I kind of understand why he would talk about her every now and then because they're best friends but since he's my first boyfriend ever I don't know if I'm just being overly emotional but I feel weird knowing that he and his ex had sex on the table, I don't want to know these things. I'd rather make my own memories with him then to talk about their old ones.
He talks about how he learned everything he knows about sex from her, how she was the only other girl except for me that he has ever loved and all sorts of stuff they did together.
Before we started dating I told him it didn't bother me that he talked about her but he's really getting into details about their old sex life and activities together.
She's a lot older then me and I compare myself way too much to her =/
Should I mention this to him or just get over it?

liciann
Jan 14, 2009, 08:18 PM
I think its normal the way you feel because I'm kind of experiencing the same thing just not that extreme. Either way I too get tired of hearing about her. Not to the point where I'm just fed up but I'm not the type of person that shares info like that but he is. I think you should mention it but don't seem like a jealous new girl play it cool!

nike 1
Jan 14, 2009, 08:21 PM
I'm not a girl but what he is doing is just rude! My girlfriend would never tolerate that. Tell him how you feel about it and to knock it off!

southerngalps
Jan 14, 2009, 08:22 PM
Yes, you should mention anything that makes you feel uncomfortable.

You will keep comparing yourself to her as long as he talks about her.

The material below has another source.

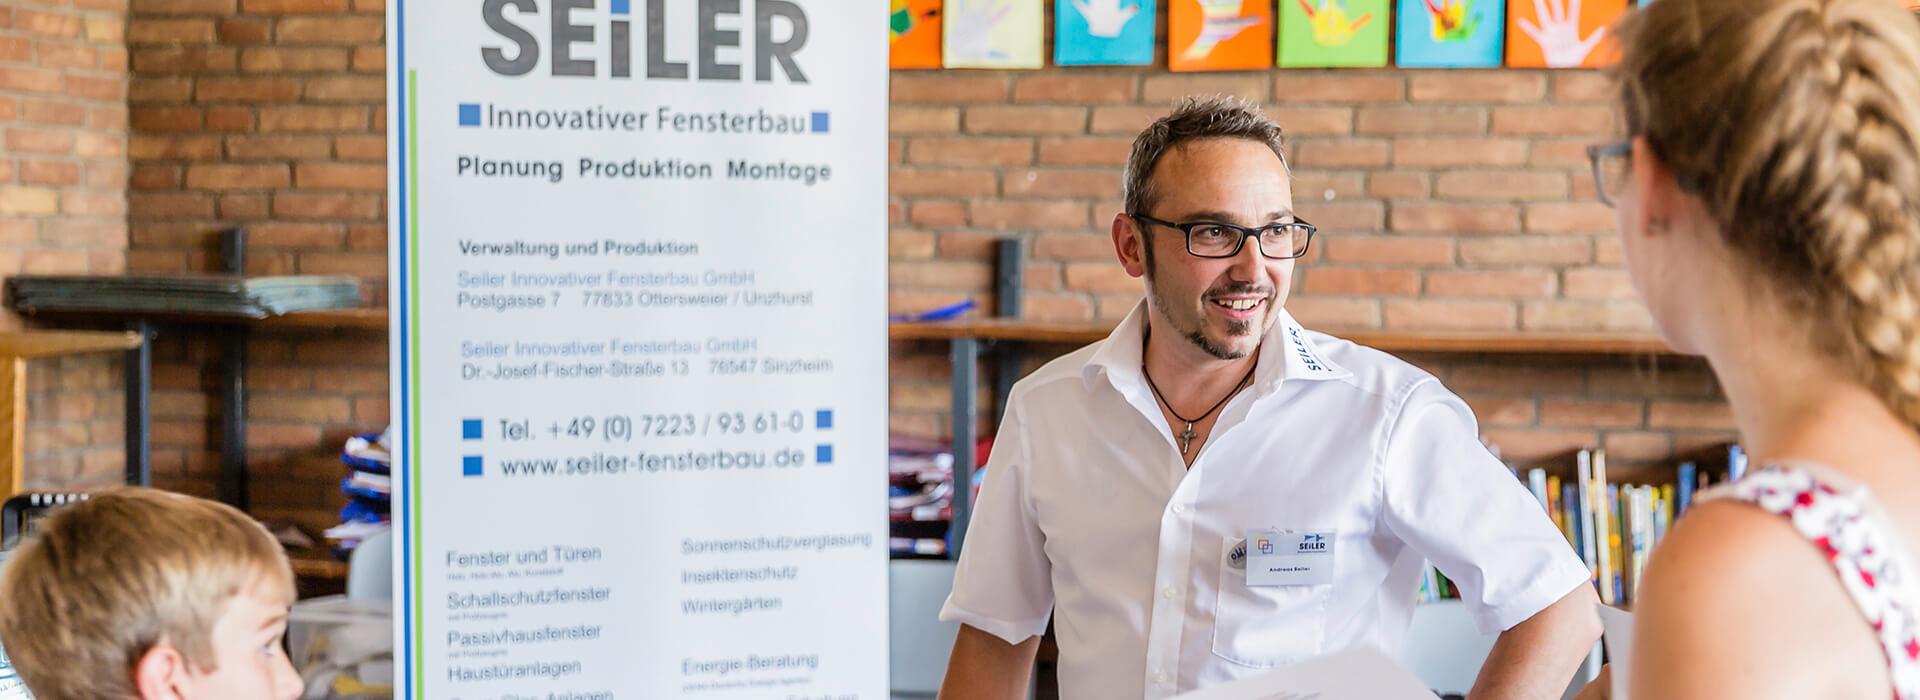 Ausbildungsbörse 2019 in Ottersweier

He should undertand that it is not good to compare :)

chrissymarie
Jan 15, 2009, 03:05 PM
I say mention it to him. It's very disrespectful to you for him to talk about a past relationship so openly. He needs to think about what he's going to say before he says it. I understand that is his best friend and all but he needs to not mentiong the sexual stuff to you. That means he's thinking about the past sexual stuff with her and that is very disrespectful towards you too.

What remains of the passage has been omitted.